■ WHAT IS REQUIRED
Every line from the one containing "My dream scenes by Lili-Nyklova" through the end of the listing below must be given again exactly, and nothing else; exclude pictures.

■ DATA
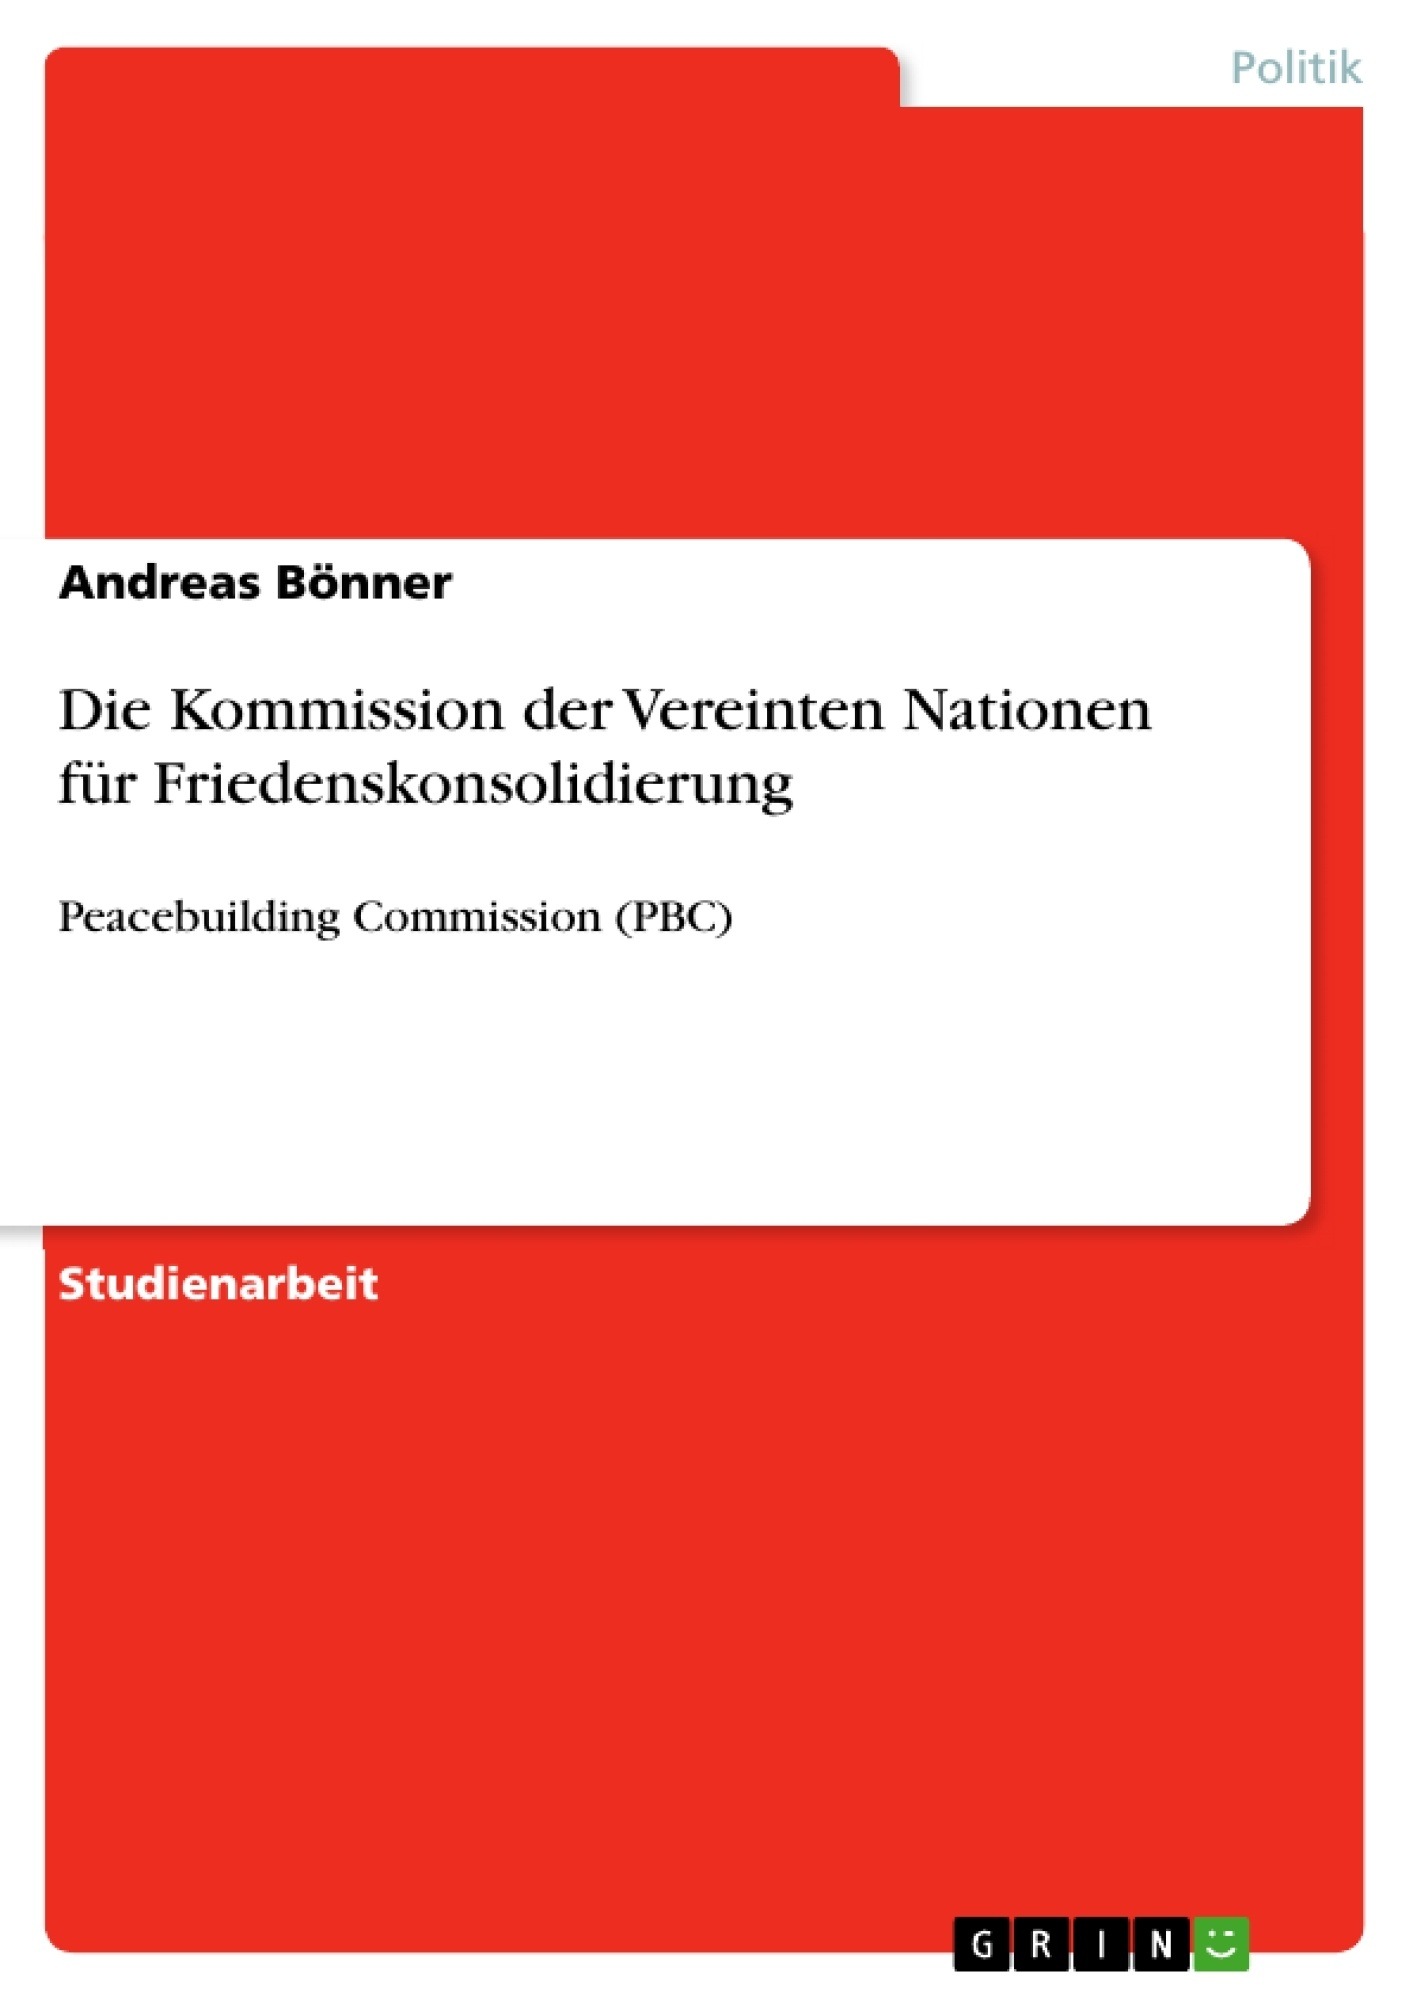 Titel: Die Kommission der Vereinten Nationen für Friedenskonsolidierung
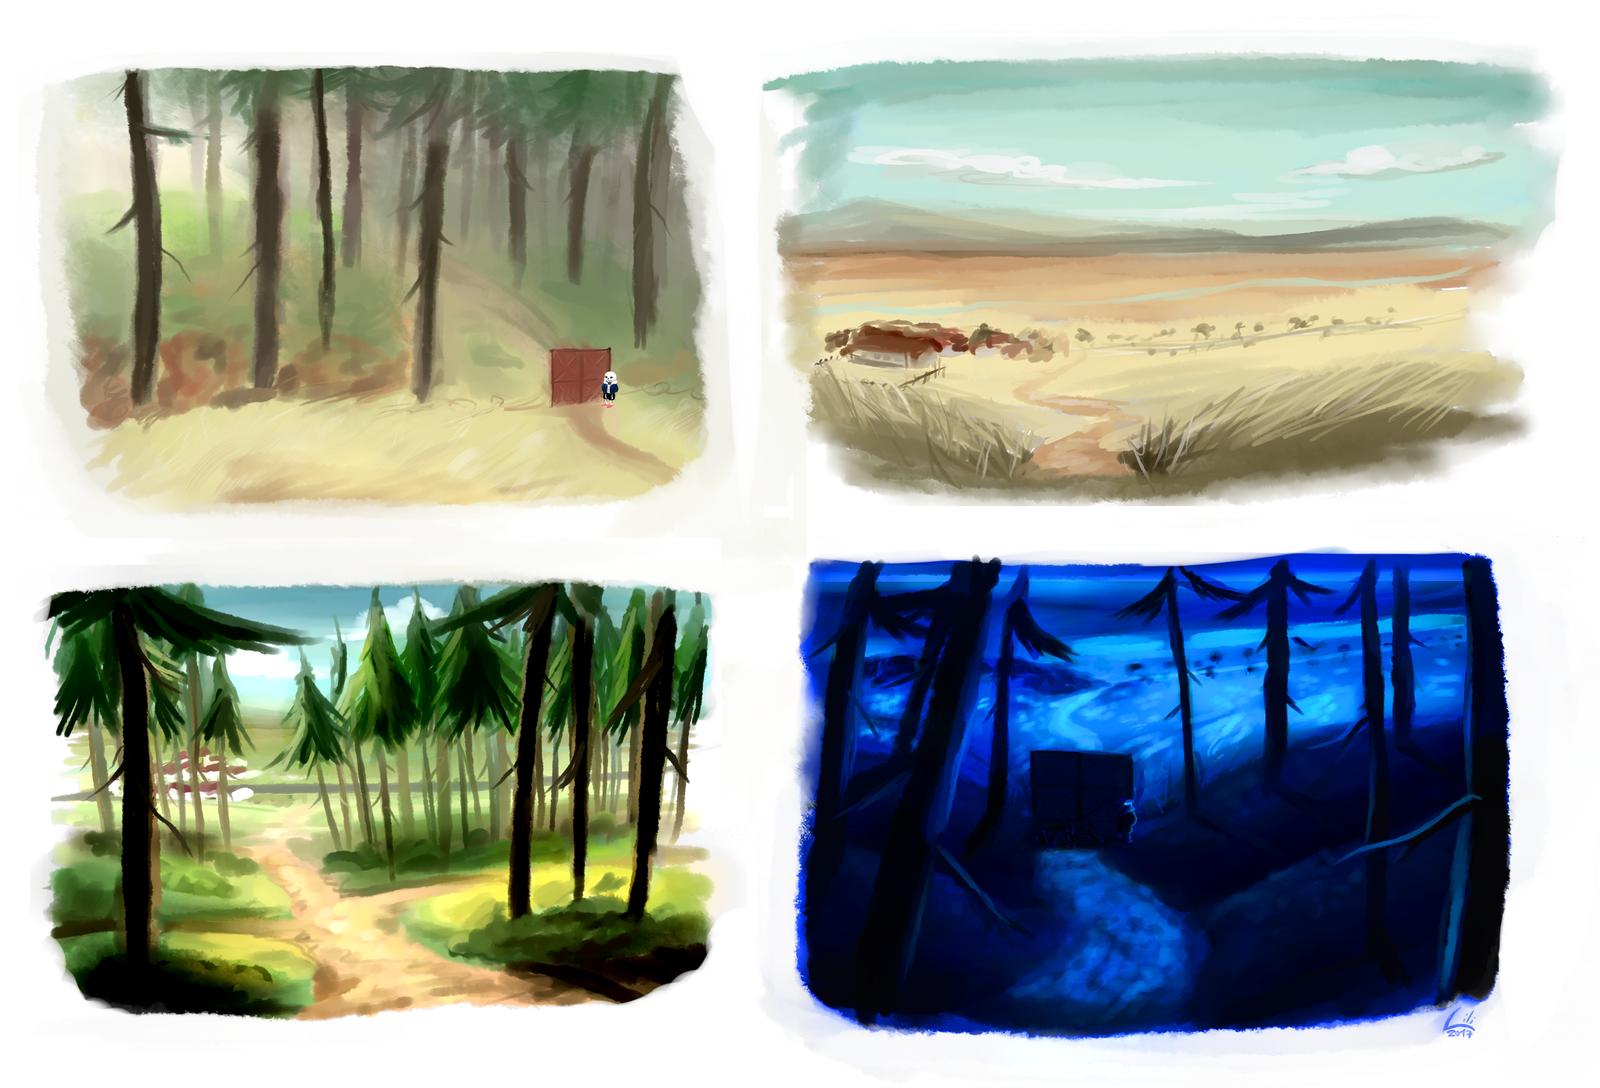 My dream scenes by Lili-Nyklova
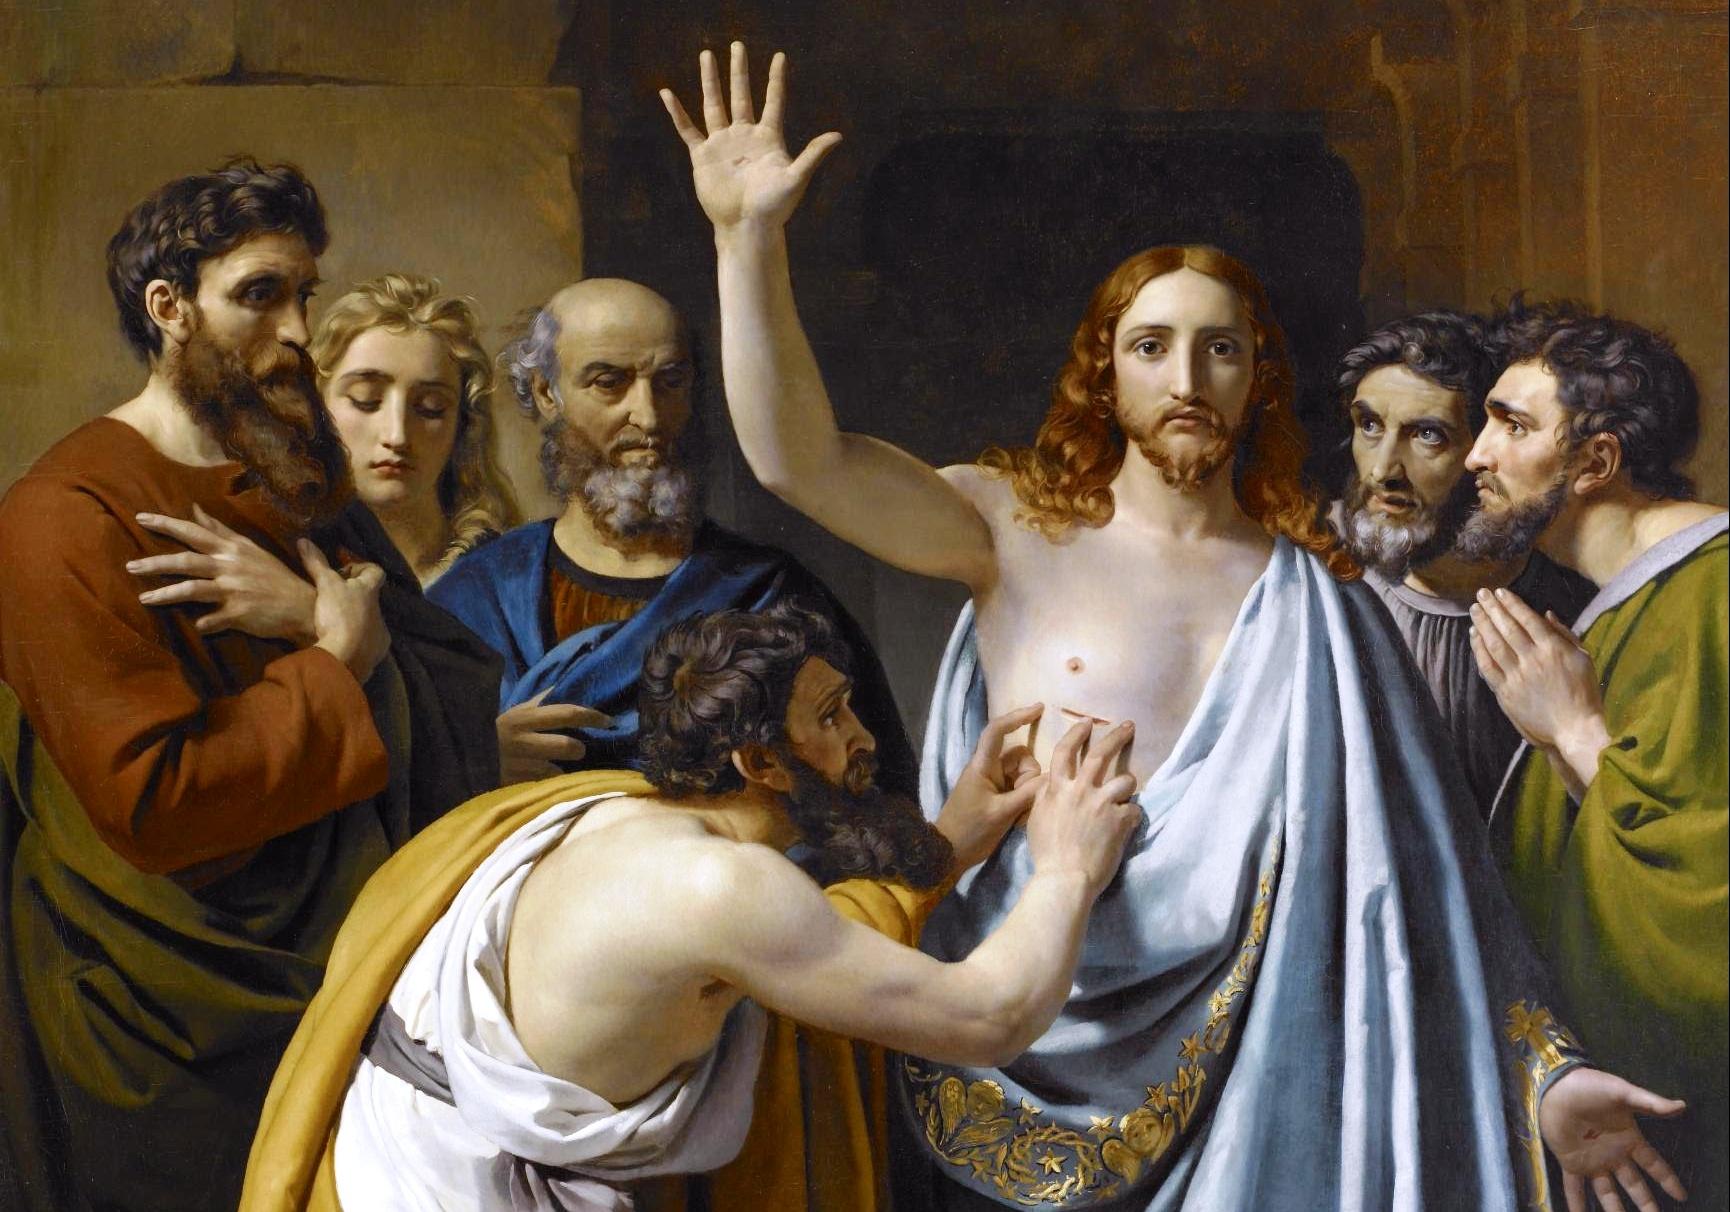 253392-Thomas-und-Jesus-auf-dem-Gemalde-The-Incredulity-of-Saint-Thomas-Die-Skepsis-des-Heiligen
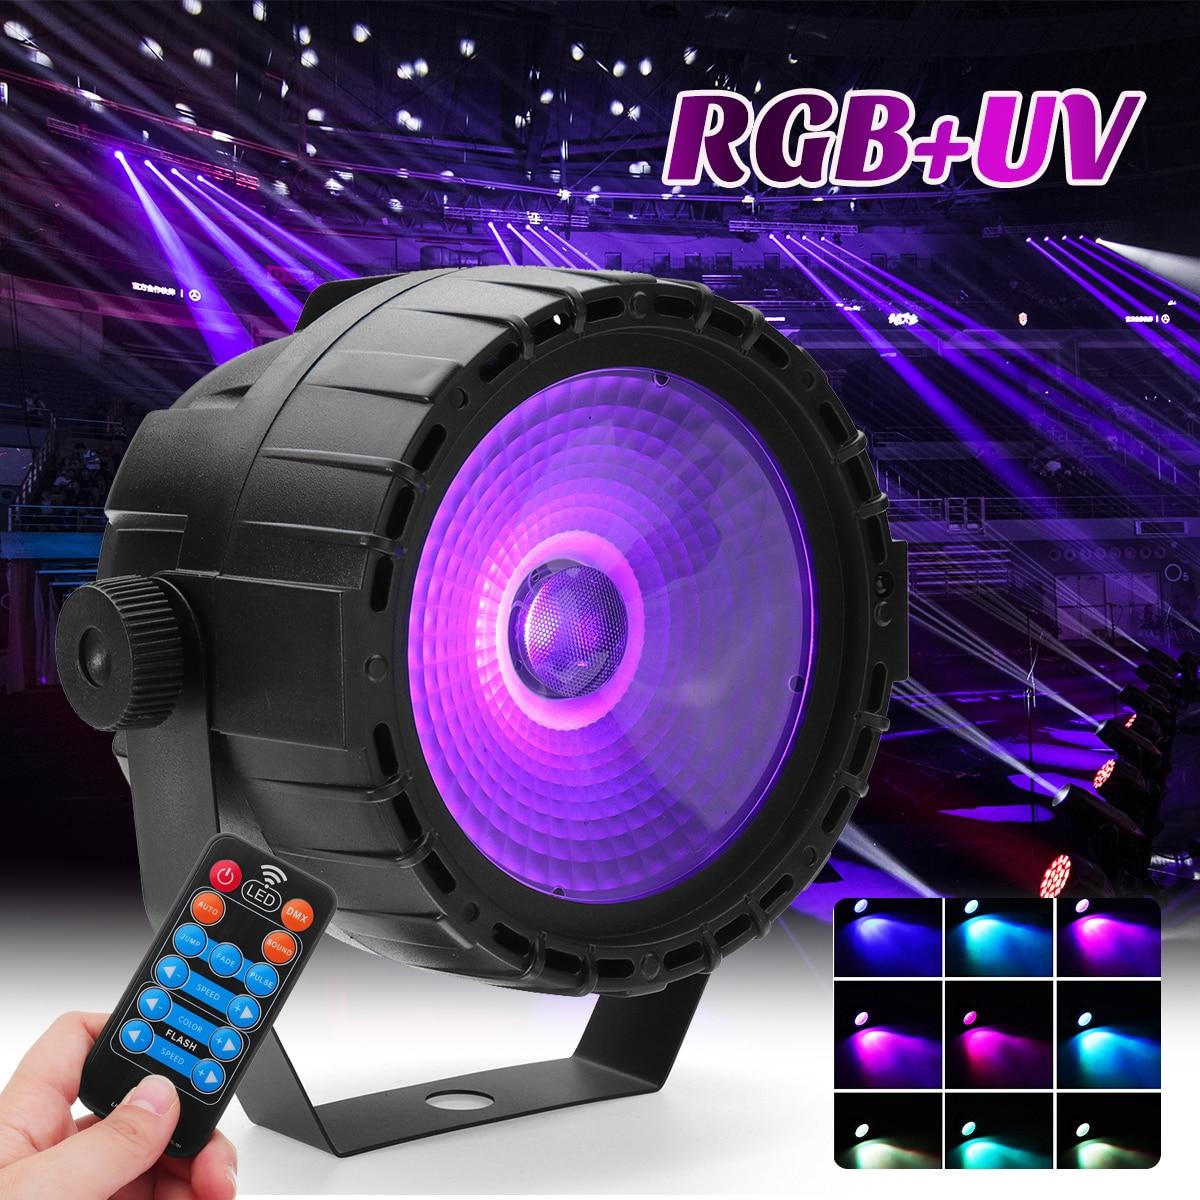 30W lumière LED télécommande RGB + UV auto-propulser LED/commande vocale/DMX512 pour DJ Bar fête Bar église 90-240V US/Eu Plug

■ ANSWER FOR THIS EXERCISE
 My dream scenes by Lili-Nyklova
 253392-Thomas-und-Jesus-auf-dem-Gemalde-The-Incredulity-of-Saint-Thomas-Die-Skepsis-des-Heiligen
 30W lumière LED télécommande RGB + UV auto-propulser LED/commande vocale/DMX512 pour DJ Bar fête Bar église 90-240V US/Eu Plug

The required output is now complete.